How can someone who does not know me, when her family and livelihood were all at risk, make it a priority to ensure that two scared and naive Oregon girls arrived at their destinations safely? Now that is the spirit of The South. But this isn’t only my story, there are thousands more like mine. The media often portrayed black people as looters and thieves instead of focusing on the hospitality and spirit that continued after the hurricane such as civilians rescuing folks with city and school buses or those that went from door to door helping get the molded items out of folks’ homes so that their health wouldn’t be further compromised. Food trucks arrived at front doors with rice, beans, and water. People who had cell phones were going around allowing folks to call and check on their loved ones. Restaurants were cutting their prices in half. There were mission trips put together to help rebuild their homes. Civilians did more rescuing and recovery work before the authorities arrived and even after their arrival.

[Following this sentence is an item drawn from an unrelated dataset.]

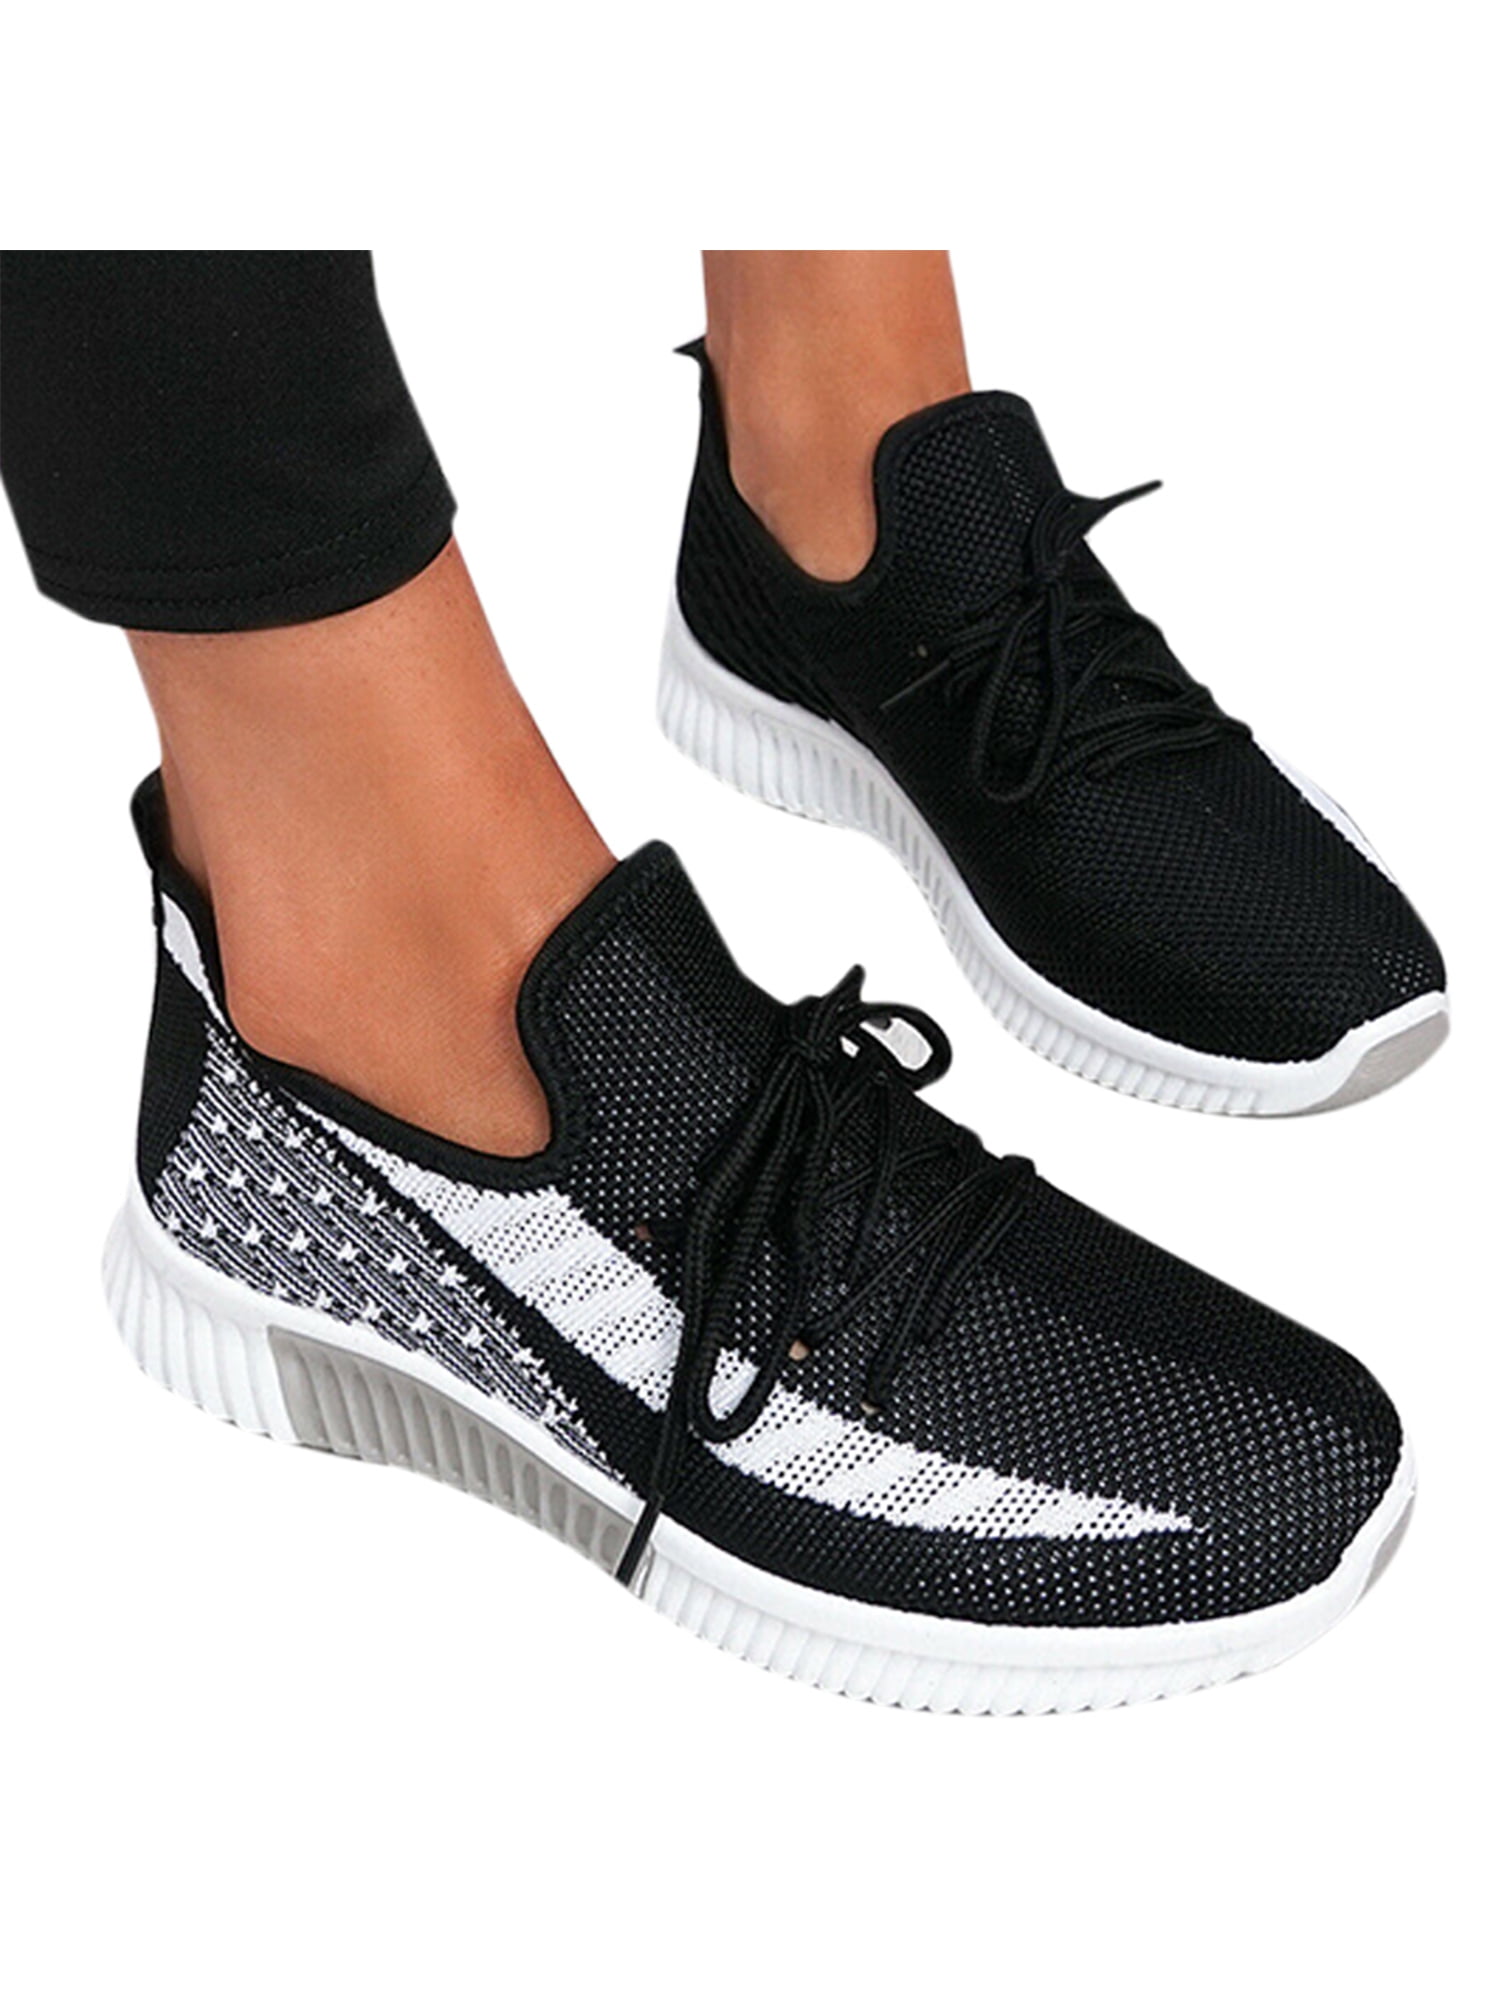 WOMENS LADIES TRAINERS LACE UP SPORT SNEAKERS CASUAL RUNNING FITNESS SHOES SIZE

As you can see, our experiences greatly differed from how the media portrayed this tragic occurrence by lacking to represent the true compassion, resilience, and soul of Louisiana and The South. Throughout Hurricane Katrina, from the evacuation process to finding out that we would go back to the devastation we still kept our spirits because we did go back to something.
Katrina “Tried It”
In January 2006, we received notice that we could come back to get any items that were safe and not destroyed from the hurricane. A caseworker that I had from age 11 to 18, reached out to a friend that she knew lived in Louisiana and told her my story. My caseworker told me that her friend’s neighborhood received heavy rain but not much damage beyond that. The next day, I received a call from her friend saying that if I wanted to come to Louisiana to salvage my belongings that she could put me up in a hotel that was open and nearest to the university that I attended. She flew me out, picked me up from the airport, took me to the school to get my most important items, which were my photo albums and jewelry passed down to me from my grandma, fed me, and gave me money for a cab to the airport for my departure the next day. I am grateful that I had the opportunity and was given the resources and support to retrieve my most sentimental and priceless possessions (because most people did not). Yet, to feel the essence and heart of Louisiana when I went back was the greatest feeling of all. Louisiana didn’t skip a beat. Katrina came in full force and with all of her might, destroying everything in her path, tried to break the soul of the people there and failed. It was as if the trauma and loss we all endured made folks unite in strength and numbers. We got through that time by reminding ourselves that we were all in this together—our determination to prevail and rebuild what Katrina had taken from us. I refer to that time as a beautiful struggle.
*To “spill the tea” is a southern phrase that means to share gossip.